Разве он умеет ждать? Разве он может понять, каково ждать тебя ежевечерне здесь, когда ты уже там? Да, я не сошел с ума, как видишь: я помню, где ты на самом деле. Но я смотрю на тебя, глотаю слонов, которых ты поставила на каминную полку за год до того, как уйти отсюда. Я снова учу тебя писать неподатливые буквы в больших тетрадях. И я не боюсь. Хотя знаю, откуда ты приходишь на самом деле. Соня, ты спала так долго вдали от меня! Но отныне все хорошо: ты вернулась. А я даже не сошел с ума, пока ждал тебя здесь.
(А ты приходила, девочка, потому что тебя здесь всегда не ждали. Осип кривобокий читал свои книжки, Яков Моисеевич нехотя спускался по длинной лестнице из сумрачного кабинета. А ты и не знала, что он поднялся туда торопливо и скрипуче всего минуту назад, когда увидел наконец, как ты крадешься по садовой дорожке. Но ты ведь не знала, что окна в доме лиловы и зрячи. Ты не знала, не знала, конечно не знала, Сонечка! Как же ты могла догадаться, если позабыла о прятках, резинках, драках в соседнем дворе. Разве ты понимала, зачем ссоришься со своей единственной подружкой — навсегда, навсегда, навсегда, ненавижу!
Разве понимала, зачем бранишь ее так больно и страшно, как только в детстве бранятся? Разве ты знала, что только она — единственная — может позвонить в дверь вечером и спросить у мамы, почему ты не выходишь играть? Конечно нет, Сонечка, конечно нет…
Но одно ты все-таки знала: однажды наступит день — самый плохой изо всех невезучих дней — день, когда тебя все-таки выпорют. Не здесь, боже упаси, не здесь, конечно! Но выпорют непременно.)
— Где ты шлялась?! Отвечай, змея подколодная!

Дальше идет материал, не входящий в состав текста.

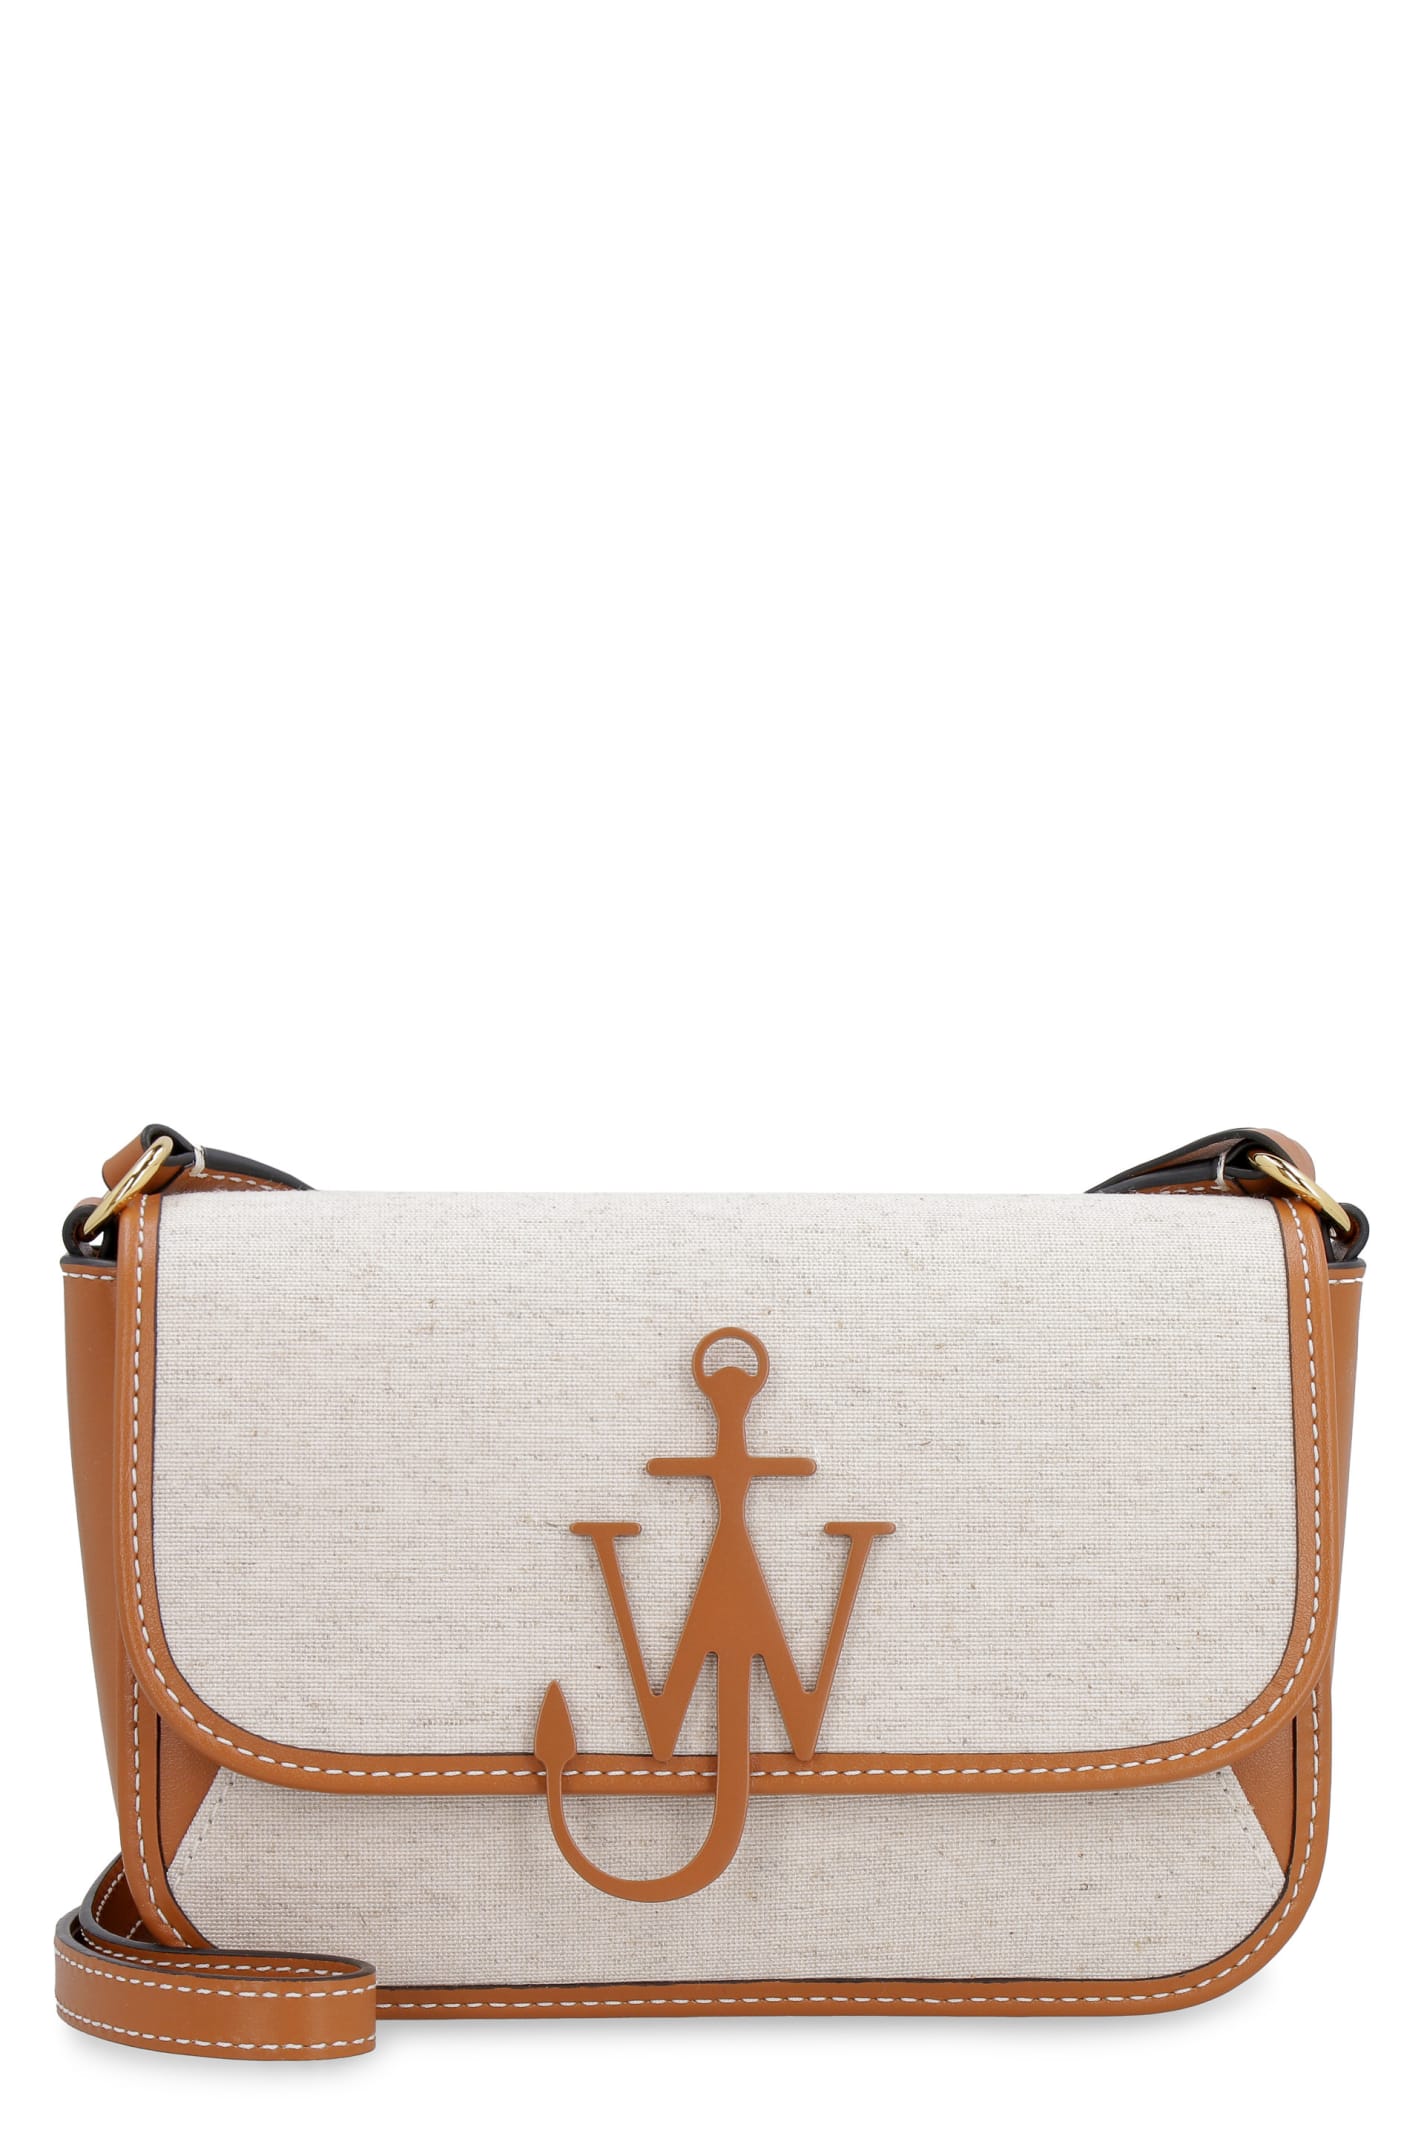 J.W. Anderson Braided Anchor Canvas And Leather Crossbody Bag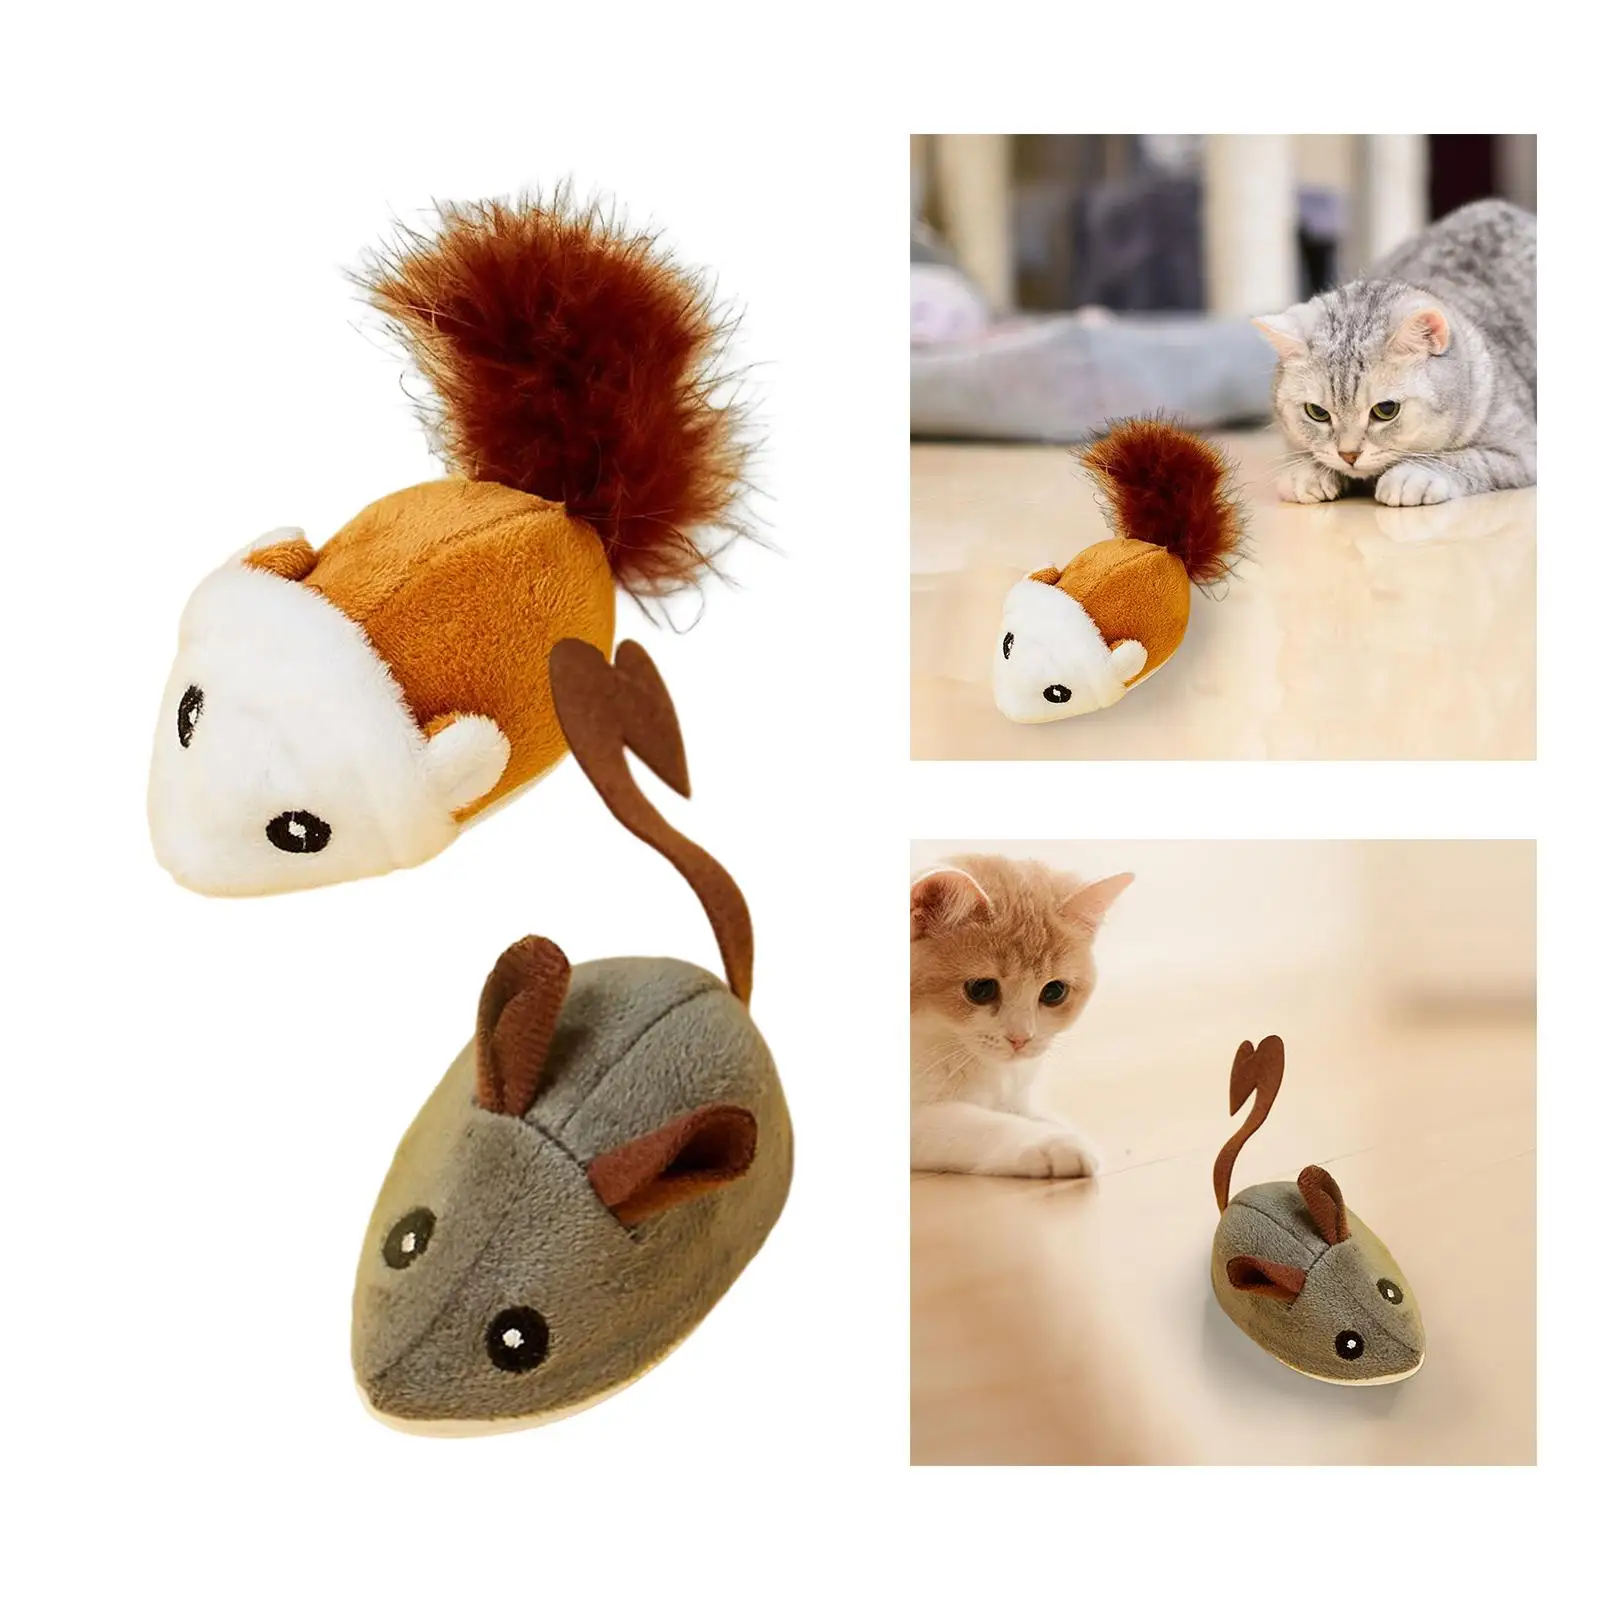 Simulation Toys Vivid Interactive Soft Portable Electric Moving Furry Plush Cat Toy for Playing Training Game Exercise Indoor

От мамы пахнуло кислым и хлестким. Она еще, и еще, и еще — и что, мало? — щелкала скакалкой.
— Больно? Что, не нравится? Отвечай!
(А что отвечать? И дураку ведь понятно, что не нравится.)
— Мама-мамочка! — взвизгивала Соня, мечась в узком коридоре.
«Ой, мама-мамочка, ну почему так всегда? Почему всегда — именно так? Мне же почти совсем нравилась моя скакалка черной резины! Ни у кого в целом соседском дворе не нашлось бы такой длинной, такой быстрой, такой щелкучей, такой… почти взрослой скакалки! Я же таскала ее за хвост, как мальчишки дохлых ужей таскают, я же приделывала к ручкам пластилиновые головы и учила их разговаривать друг с другом, я же… я же почти любила ее! Мама-мамочка, я же любила мою змеюку подкроватную! А теперь? Что же теперь с нами будет, мамочка?»
— Мама! — Соня кинулась к двери.
И ошиблась. Соня, как и в прошлый раз, как и в позапрошлый раз, как и всегда, перепутала с перепугу входную дверь и дверь, ведущую в детскую, и влетела с разбегу в свой мелованный ад. Мама ввалилась следом.
Она хлестала Сонечку взахлеб. Если дочь ухитрялась извернуться, заслониться соломенным стулом с перевязанной ножкой, забежать за тумбочку, за кровать, за новенький письменный стол, то мать кидалась к ней вплотную, позабыв на время о скакалке, и ловила Соню за косу. Тогда лицо мамы оказывалось совсем близко к Сониному лицу, и девочка видела красную сетку на щеках, крупные, ладные зубы, светлые — какие-то слишком светлые — десны, длиннющие растопыренные ресницы, которым даже сейчас — сейчас особенно! — завидовала. Только глаз она почему-то никогда не видела. Папа говорил, что у мамы глаза голубые-голубые, но Соня ему давно уже не верила. Папа ведь болен. Если лежать два года в дальней комнате и целыми днями смотреть в окно на башенку напротив, еще не такое покажется. Папа и Соню называет синеглазкой. И напрасно. Сонечка подолгу смотрится в зеркало в ванной и точно знает, что глаза у нее серые. Только у самого зрачка тонкий ободок светлый. Но зеленый ли, желтый ли — не разобрать. И про маму Соня тоже кое-что знает. Не точно, но догадывается. «Кажется… Кажется, у нашей мамы глаза белые, папа! Или нет их вовсе?» — гадала по ночам девочка. Но днем — даже очень удачным днем — она так и не могла решиться и проверить.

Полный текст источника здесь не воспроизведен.